Hank 3

An Interview with Hank 3
by Mike Huberty
November 2011

Shelton Hank Williams is the closest thing that country music has to a crown prince. The son of Bocephus himself, Hank Jr. (The Artist Formerly Known as the “Are You Ready For Some Football?” guy), and the grandson of one of the most popular country artists of all time, Hank3has charted a path entirely his own. Starting his career drumming for punk bands in the early 90’s, he’s spent his music career freely ignoring the genre lines of metal (he was in two bands with PANTERA’s Phil Anselmo, ARSON ANTHEM and SUPERJOINT RITUAL), cow-punk (he calls it “hellbilly” with his DAMN BAND), and punk (leading the band ASSJACK) After years of fighting with the Nashville country music system (just listen to “Dick in Dixie” or “Trashville” for his opinions on the current state of country music) as well as his record labels, Hank has just released three(!) new albums on his own, Hank3 label. Ghost to a Ghost/Guttertown is a double country-tinged album, Attention Deficit Domination is doom metal, and 3 Bar Ranch Cattle Callin’ is a mashup of speed metal and spoken word by cattle auctioneers that has to be heard to be believed!

“As Henry Rollins told me many years ago”, Hank proclaims, “‘All you need is distribution. You already got your fans, you have a good work, ethic and you tour. You know what you want, you got your sounds, you know how to write and record record and mix and master them yourself.’ 2011 is a new beginning and it’s been exciting. A lot of people have written about me, saying ‘he does this and he does that’. But no one has heard what a diverse musician I could be until now.” Indeed, Hank plays all of the instruments on both ADD and Cattle Callin’. Not that he can’t call in a little help once in awhile, he gets stars as distinct as Tom Waits and Primus’ Les Claypool to help out on some tracks on Guttertown. He adds, “Whenever I get in recording mode I have to shut everything down and be at the house. But I basically wrote all the material in January and I hit the record button in February and didn’t have all songs recorded, mixed, and mastered until June.
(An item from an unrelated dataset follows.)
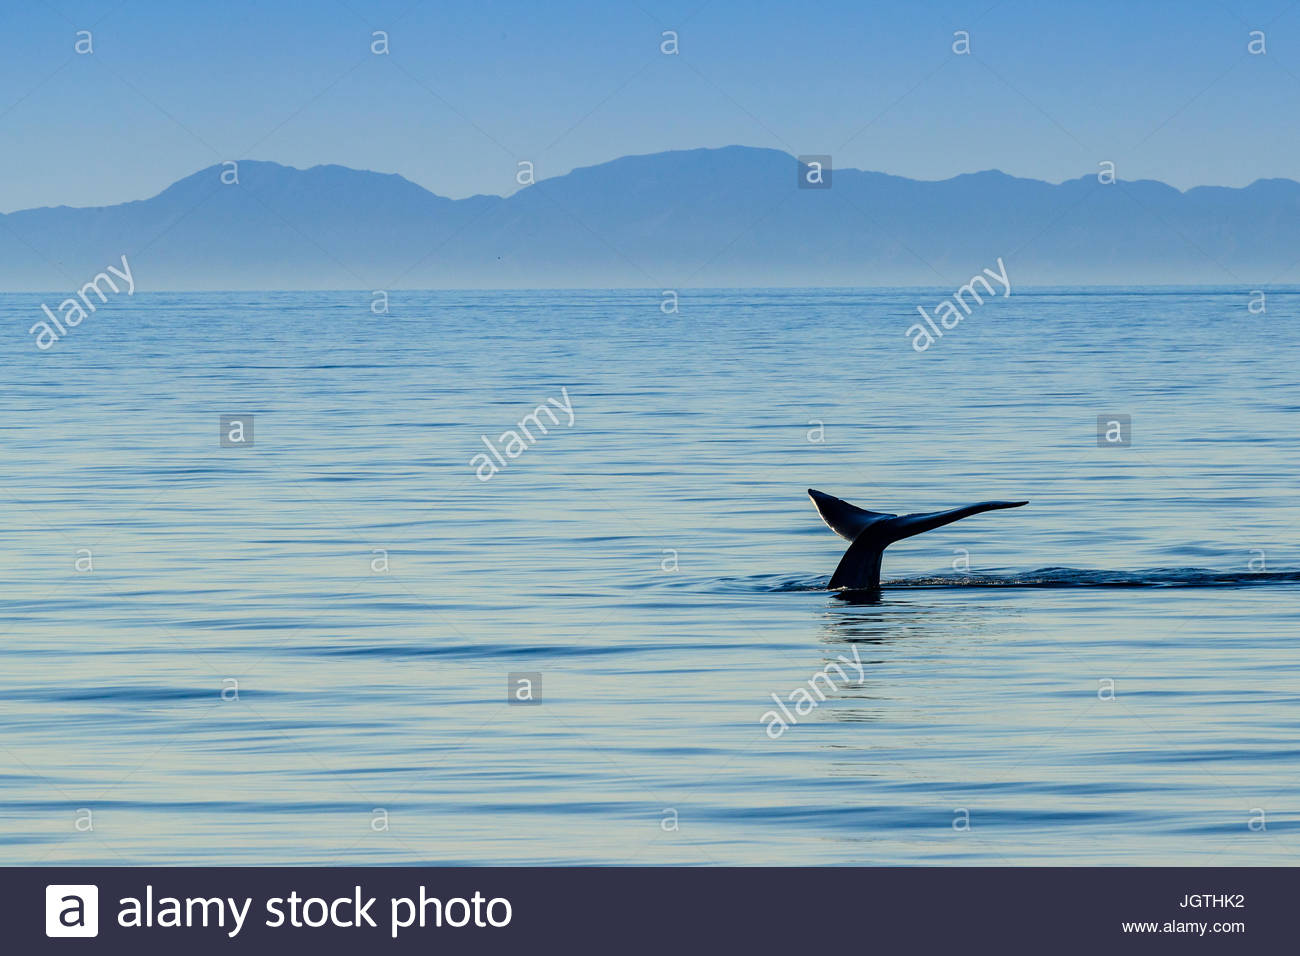 El animal más grande del mundo, una ballena azul plantea su fluke fuera del agua. Foto de stock

So, from the time I woke up until the time I went to sleep that’s what every day revolved around. I usually weigh 160 but I went down to 137 pounds through all that process. It was very grueling, but very inspiring to be able to release that much music on the same day. “

And even though it seems like he would be groomed for the stage, music is a trajectory that he found without too much help. “You’d be a little surprised.” he says. “I only used to get to go to Fantasy Land about two weeks a year honestly… I was never around my father that much, they got divorced when I was two years old… Since I didn’t live with my father all the time, I didn’t get to be around a lot of the musicians that most people would think. Getting to be around THE MELVINS and all these other bands that I’ve been involved with, that was kind of my own groundwork going to shows and being involved for the love of the music.” He continues, “My Dad was forced onstage when he was 8 years old, he didn’t have a choice. I got into music because I wanted to.”
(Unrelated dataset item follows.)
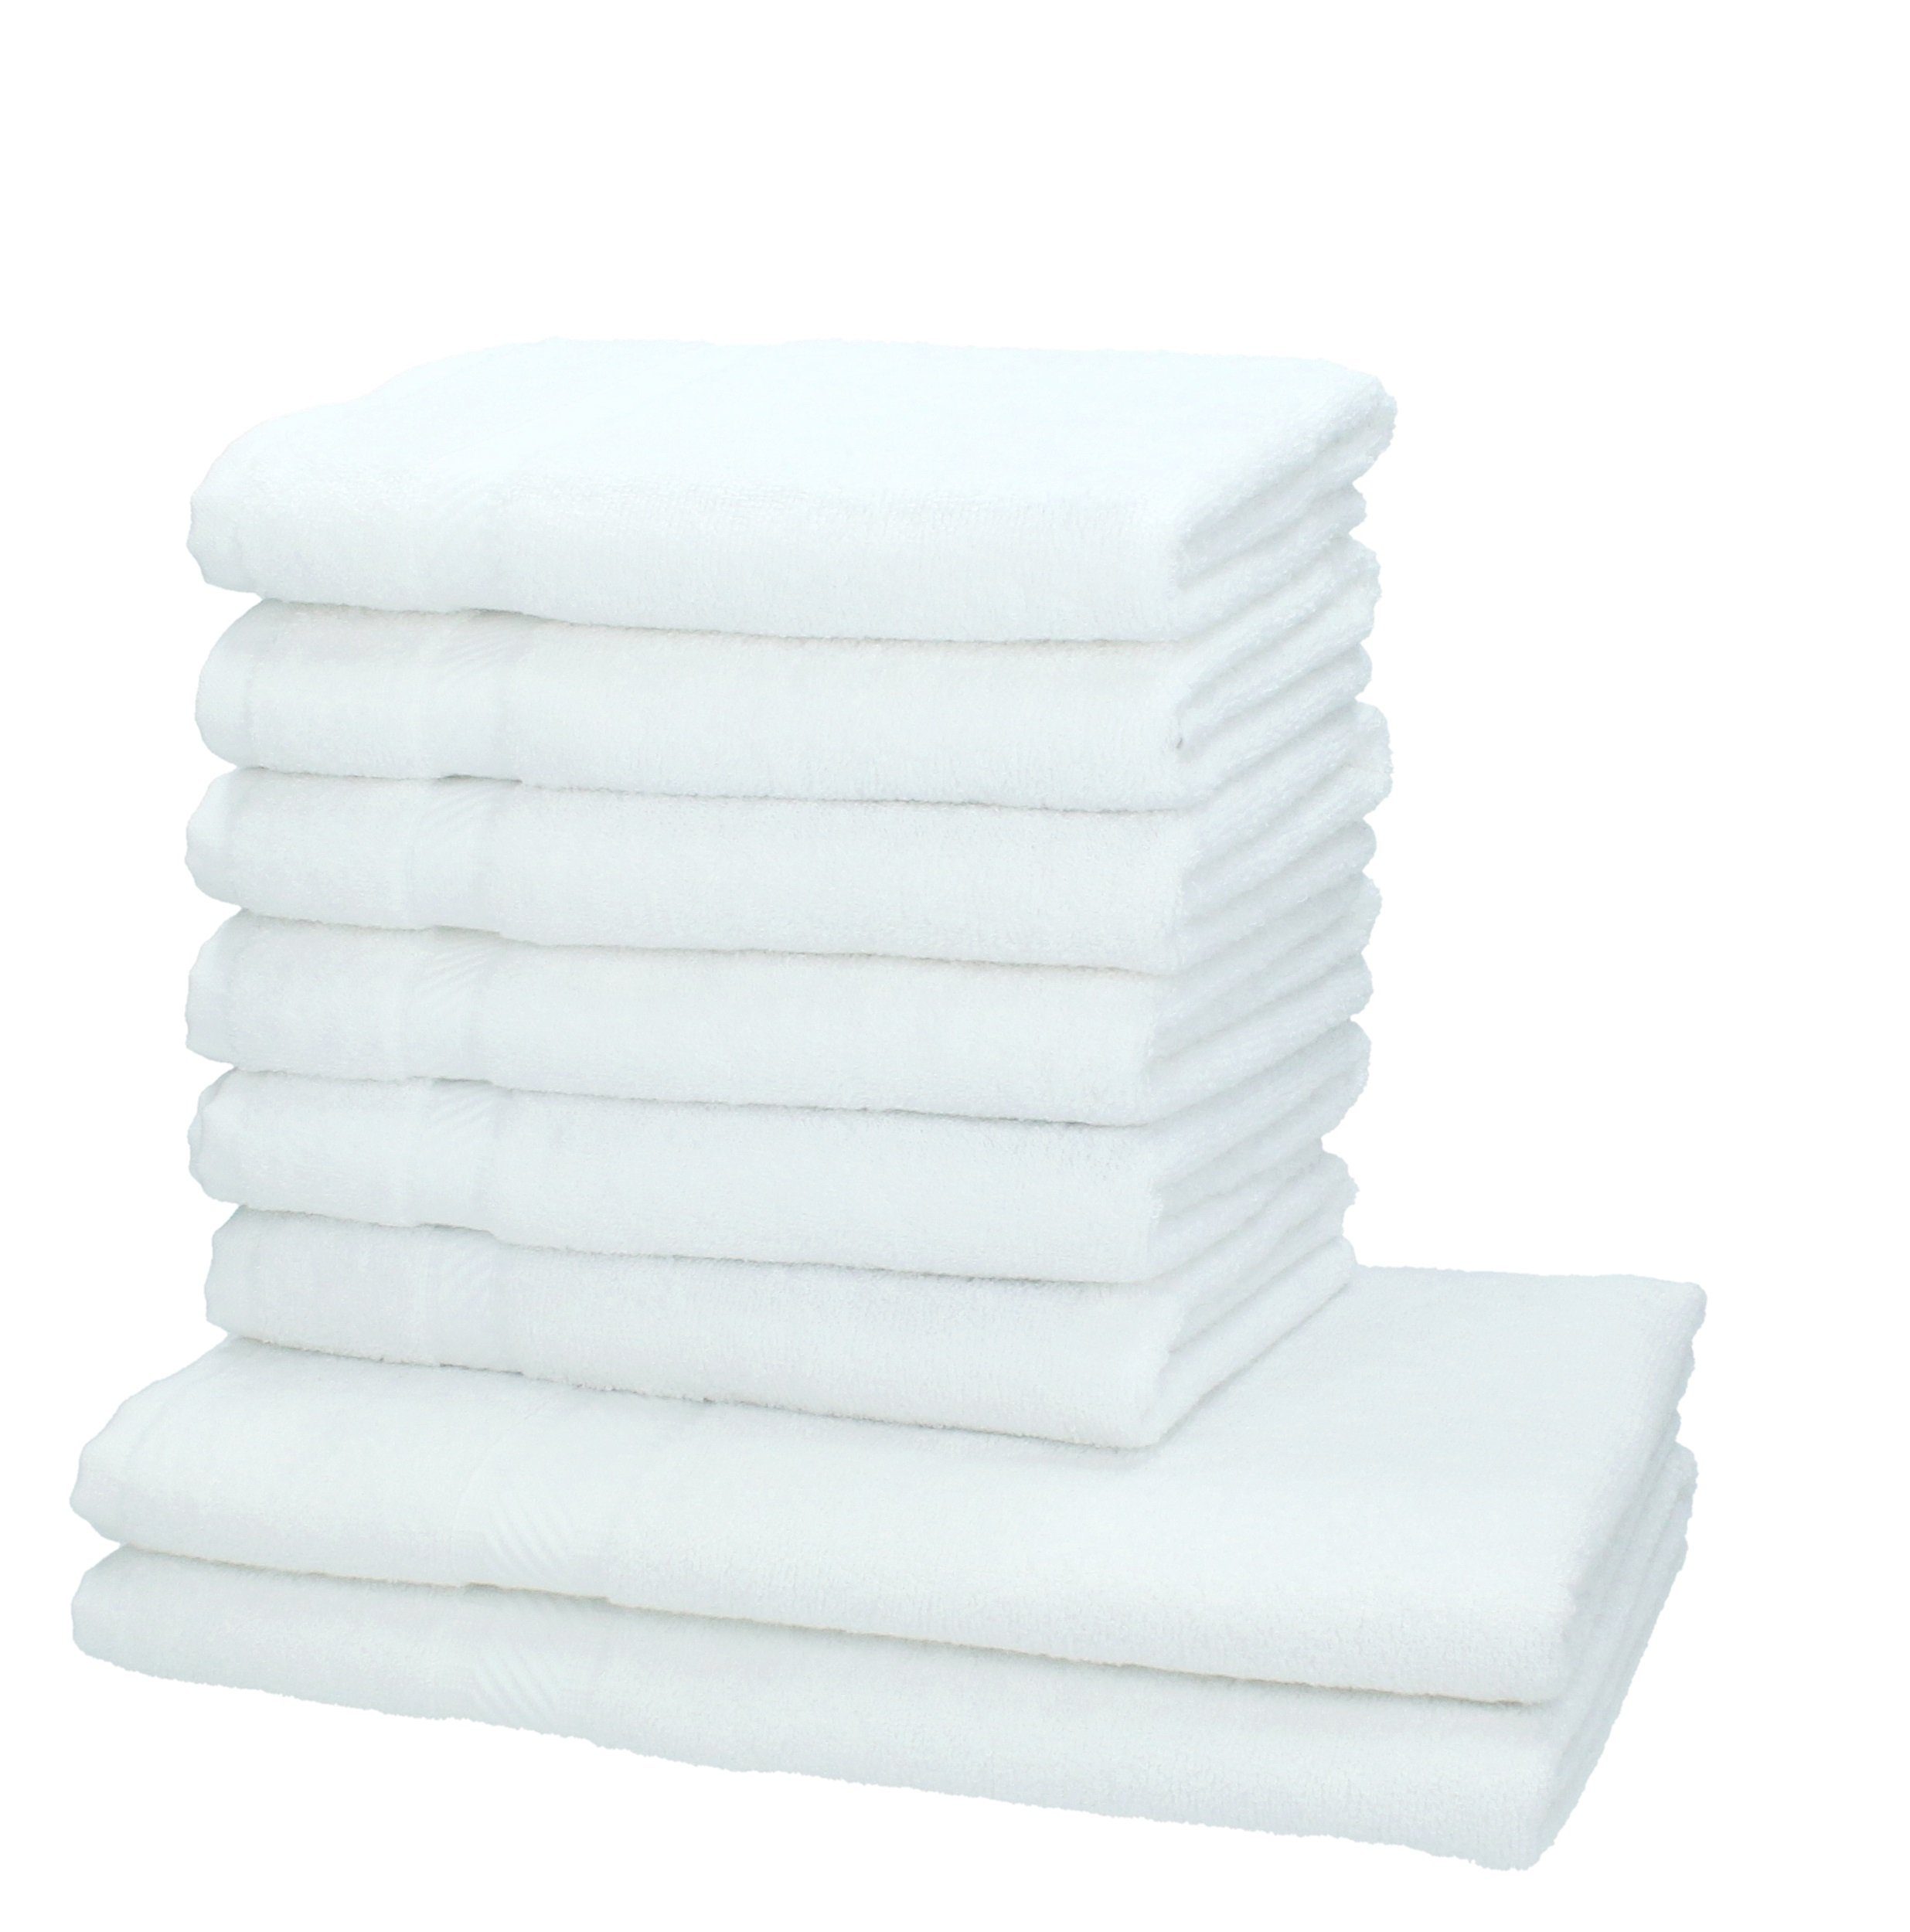 Betz Handtuch 100% Farbe 8-tlg. weiß, Palermo Set Baumwolle Handtuch-Set

But his life changed quickly when he got an unexpected surprise. “I was opening up for a band called Buzzoven in Nashville. I had a one-night stand that waited three years to tell me I had a son and they served papers onstage. Then the judge told me I owed sixty-thousand dollars backpay and that I had to ‘Get a real job, boy.’ My way of getting a real job was paying my dues and that’s when I had to get into country to be able to rock out again. It all worked out for the best, I got to take care of my son and I got to create my own niche out there.”

Hank 3 will bring that niche to The Barrymore Theatre in Madison on December 1st. His shows go well over three hours and the set is divided up between his genres. “It’s a long show, I always tell ladies not to wear open-toed shoes to the show. We usually have a pretty rowdy crowd, but I always pay respects to my roots and country in the first part of the show… then I get into the hellbilly and the doom rock and the metal. 18 to 80 is our crowd. It’s the average guy, the redneck, the heavy metal dude, the biker, and the grandmas and grandpas.  I’m really proud of our audience.”